The Standard doesn't specify how the compiler should parse a translation unit. Instead, it specifies everywhere it is and is not valid to use any identifier to refer to a declaration.
3.3.2p5:
After the point of declaration of a class member, the member name can be looked up in the scope of its
class. [ Note: this is true even if the class is an incomplete class. ]
3.3.7p1:
The following rules describe the scope of names declared in classes.
The potential scope of a name declared in a class consists not only of the declarative region following the name’s point of declaration, but also of all function bodies, brace-or-equal-initializers of non-static data members, and default arguments in that class (including such things in nested classes).
A name N used in a class S shall refer to the same declaration in its context and when re-evaluated in the completed scope of S. No diagnostic is required for a violation of this rule.
If reordering member declarations in a class yields an alternate valid program under (1) and (2), the program is ill-formed, no diagnostic is required.
A name declared within a member function hides a declaration of the same name whose scope extends to or past the end of the member function’s class.
The potential scope of a declaration that extends to or past the end of a class definition also extends to the regions defined by its member definitions, even if the members are defined lexically outside the class (this includes static data member definitions, nested class definitions, member function definitions (including the member function body and any portion of the declarator part of such definitions which follows the declarator-id, including a parameter-declaration-clause and any default arguments (8.3.6).
[class.mem] says:
-2- A class is considered a completely-defined object type (3.9) (or complete type) at the closing } of the class-specifier. Within the class member-specification, the class is regarded as complete within function bodies, default arguments, and brace-or-equal-initializers for non-static data members (including such things in nested classes). Otherwise it is regarded as incomplete within its own class member-specification.

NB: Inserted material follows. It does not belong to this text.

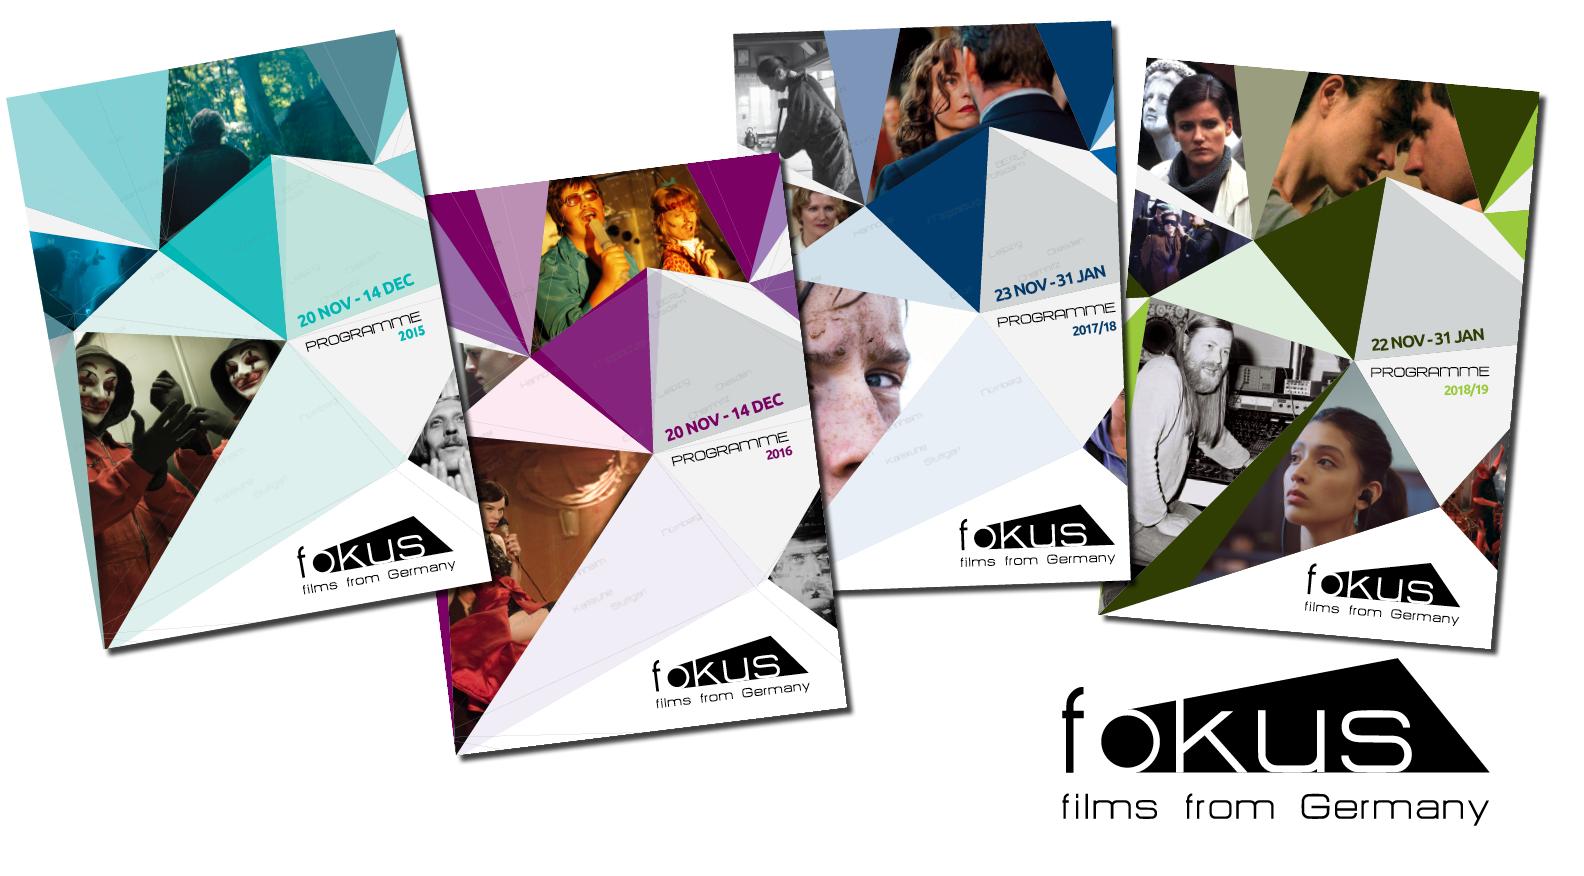 FOKUS Films from Germany

For the class to be complete within function bodies then in general all declaration need to be parsed: without completely parsing all declaration you can't know if something that wasn't parsed would change the meaning. Although, possibly related to that is [basic.scope.class]/1 which says:
3) If reordering member declarations in a class yields an alternate valid program under (1) and (2), the program is ill-formed, no diagnostic is required.

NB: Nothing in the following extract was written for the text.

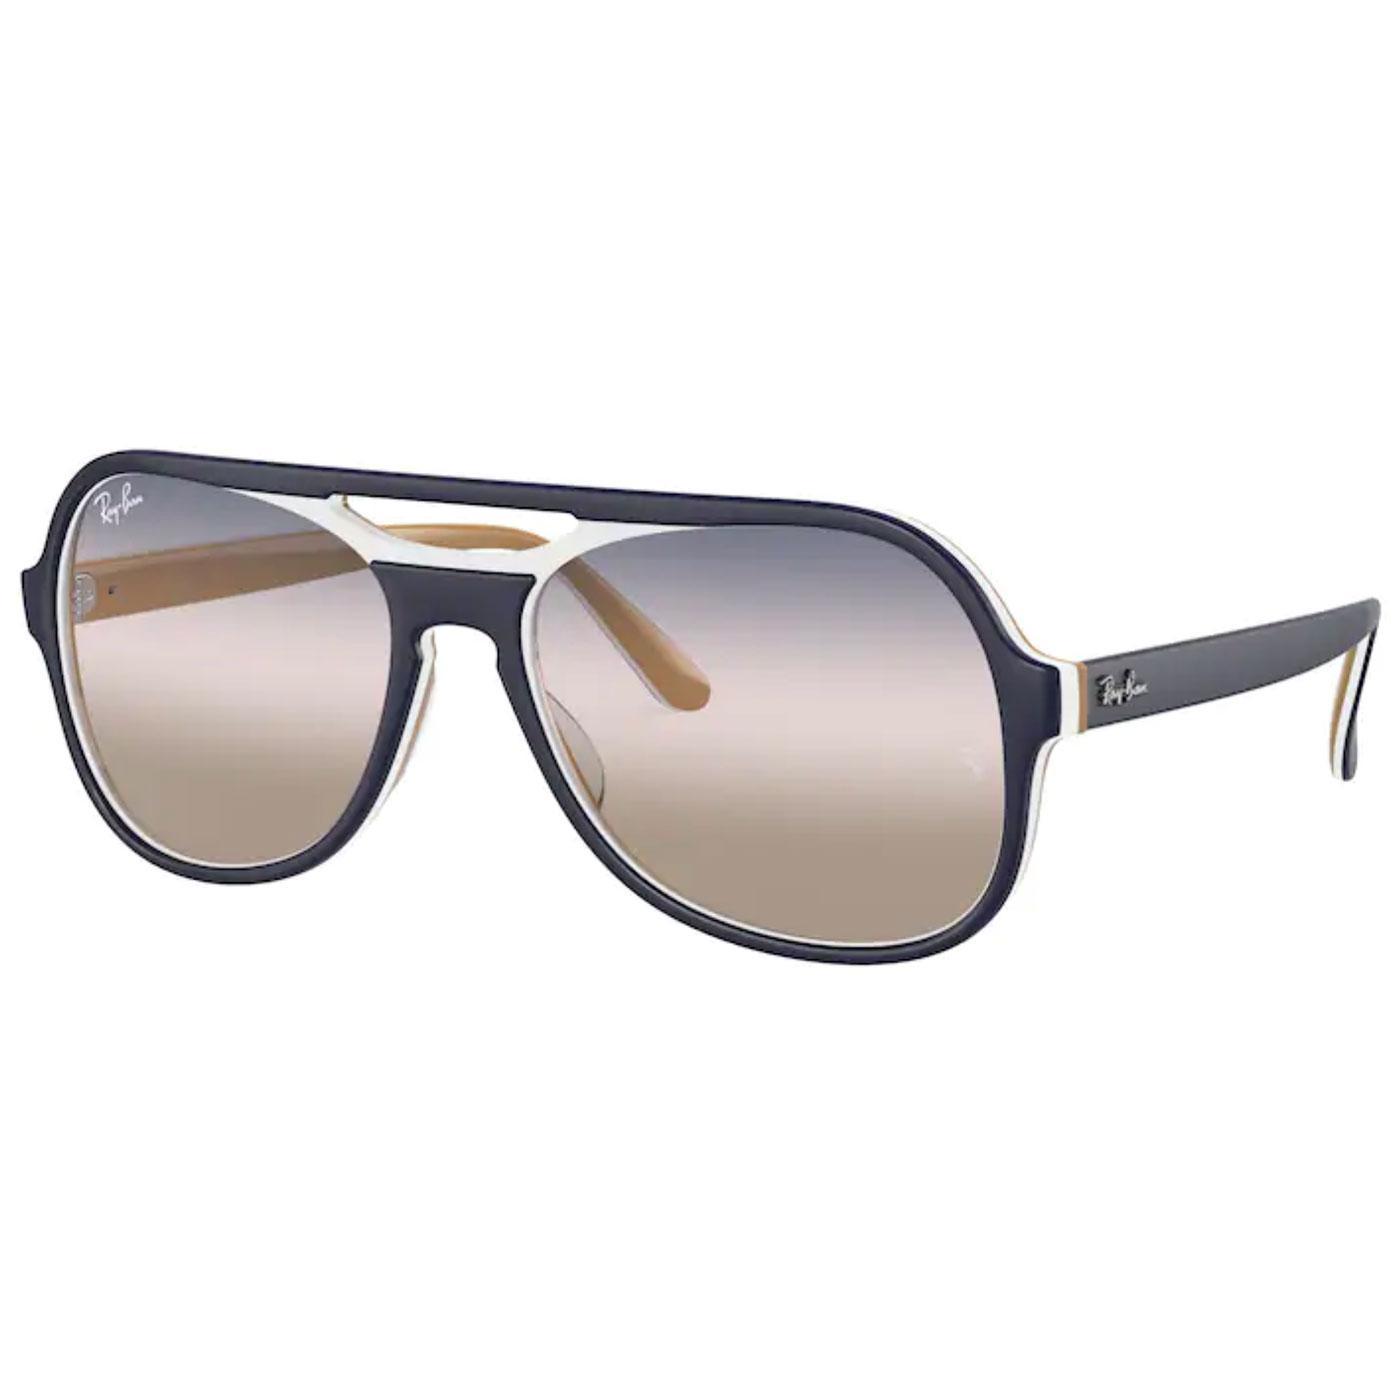 Powderhorn RAY-BAN 70s 2-Tone Aviator Sunglasses C

That means certain declarations could be used without parsing the entire class, because if another later declaration altered the meaning then the program would be ill-formed.
Of course the "as if" rule allows the compiler to choose any implementation as long as the user can't tell the difference, so maybe a compiler could choose to parse function bodies and then parse definitions as needed, but it would be hard to tell what's needed to process the member function definition (consider a function call which might call one of several overloaded functions, possibly involving enable_if-type tricks.)
This is the draft which explains C++ Programming Language Standard.
Programming Language C++ PDF
I think page 220 has some explanations on member functions.